As previously indicated, Heil supports, in part, and opposes, in part, the City's motion.

CPLR 3211(a)(7)

When reviewing a motion to dismiss a complaint for failure to state a cause of action, the Court “must accept as true the facts as alleged in the complaint and submissions in opposition to the motion, accord plaintiffs the benefit of every possible favorable inference and determine only whether the facts as alleged fit within any cognizable legal theory” (Sokoloff v. Harriman Estates Dev. Corp., 96 N.Y.2d 409, 414, 729 N.Y.S.2d 425, 754 N.E.2d 184;see Wildman v. Rosenthal, 40 A.D.3d 749, 834 N.Y.S.2d 862).

CPLR 3212

Summary judgment is a drastic remedy that should be granted only if no triable issues of fact exist and the movant is entitled to judgment as a matter of law ( see Rotuba Extruders v. Ceppos, 46 N.Y.2d 223, 413 N.Y.S.2d 141, 385 N.E.2d 1068;Herrin v. Airborne Freight Corp., 301 A.D.2d 500, 753 N.Y.S.2d 140). On a motion for summary judgment, the function of the court is issue finding, not issue determination ( see Weiner v. Ga–Ro Die Cutting, 104 A.D.2d 331, 479 N.Y.S.2d 35,affd65 N.Y.2d 732, 492 N.Y.S.2d 29, 481 N.E.2d 569). In making such an inquiry, the proof must be scrutinized carefully in the light most favorable to the party opposing the motion ( see Glennon v.
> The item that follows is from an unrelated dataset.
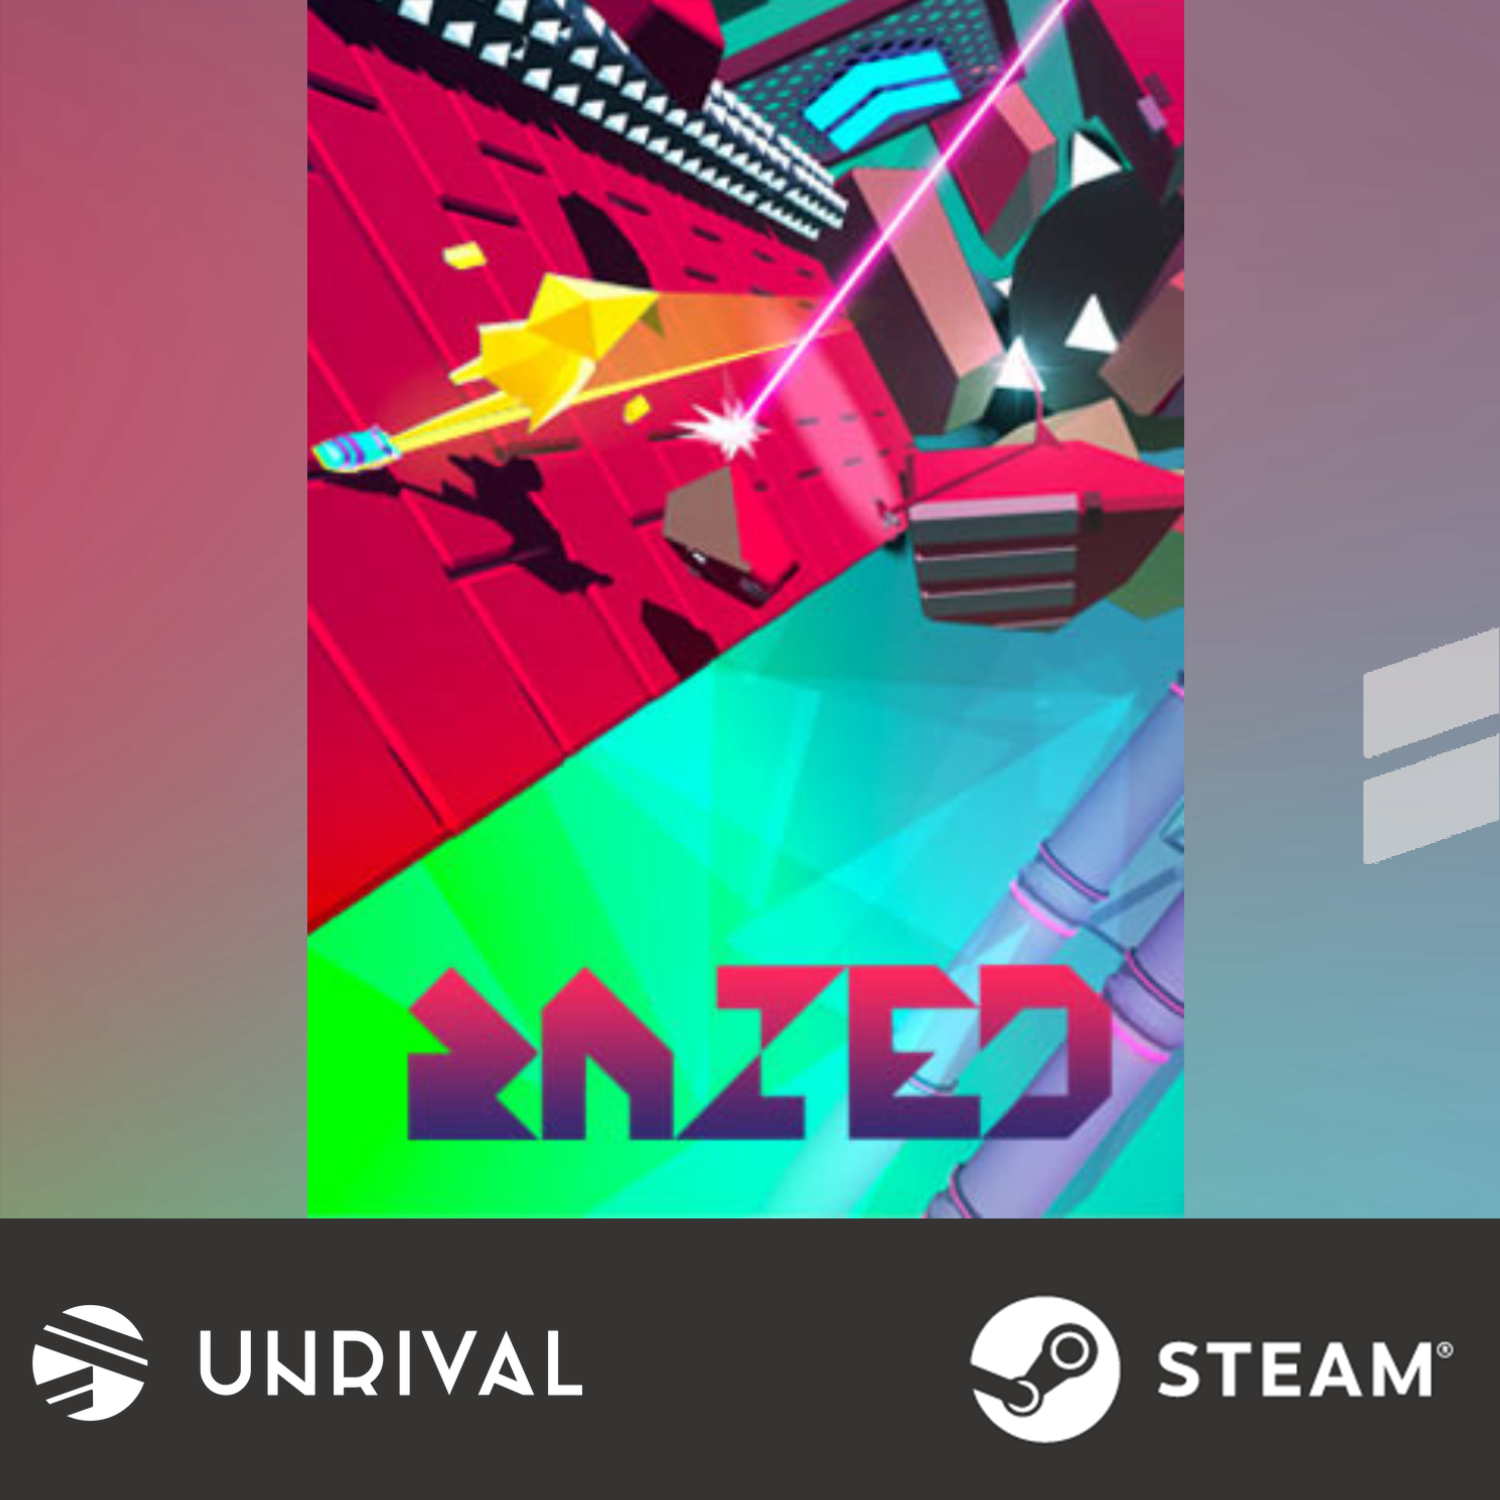 Razed PC Digital Download Game (Single Player) - Unrival

Mayo, 148 A.D.2d 580, 540 N.Y.S.2d 190). To prevail upon the motion, the moving party must present prima facie evidence of its entitlement to judgment as a matter of law (Alvarez v. Prospect Hosp., 68 N.Y.2d 320, 324, 508 N.Y.S.2d 923, 501 N.E.2d 572). Upon its failure to do so, the motion will be denied. Once a prima facie showing has been made, however, the burden shifts to the party opposing the motion to produce competent evidence demonstrating the existence of triable issues of fact (Zuckerman v. City of New York, 49 N.Y.2d 557, 562, 427 N.Y.S.2d 595, 404 N.E.2d 718). In this regard, “mere conclusions, expressions of hope or unsubstantiated allegations or assertions are insufficient” to raise a triable issue ( id. at 562, 427 N.Y.S.2d 595, 404 N.E.2d 718). Thus, summary judgment is only appropriate where the movant's initial burden of proof has been satisfied, and the opposing party has failed to adduce competent evidence demonstrating the presence of a genuine issue of material fact (Persaud v. Darbeau, 13 A.D.3d 347, 786 N.Y.S.2d 196).

Strict Products Liability

It is beyond doubt that a party injured as a result in a defect in a product may seek relief against the manufacturer or others within the distribution chain if said defect was a substantial factor in causing the injury ( see Speller v. Sears, Roebuck & Co., 100 N.Y.2d 38, 41, 760 N.Y.S.2d 79, 790 N.E.2d 252). For the sake of simplicity, the three generally recognized categories of defects which will support a recovery are (1) a mistake in manufacturing, (2) improper design, and (3) inadequate or omitted warnings regarding the use of the product ( see Robinson v. Reed–Prentice Div. of Package Mach. Co., 49 N.Y.2d 471, 478, 426 N.Y.S.2d 717, 403 N.E.2d 440;accord Liriano v. Hobart Corp., 92 N.Y.2d 232, 677 N.Y.S.2d 764, 700 N.E.2d 303). Here, plaintiffs have alleged all three categories of defects.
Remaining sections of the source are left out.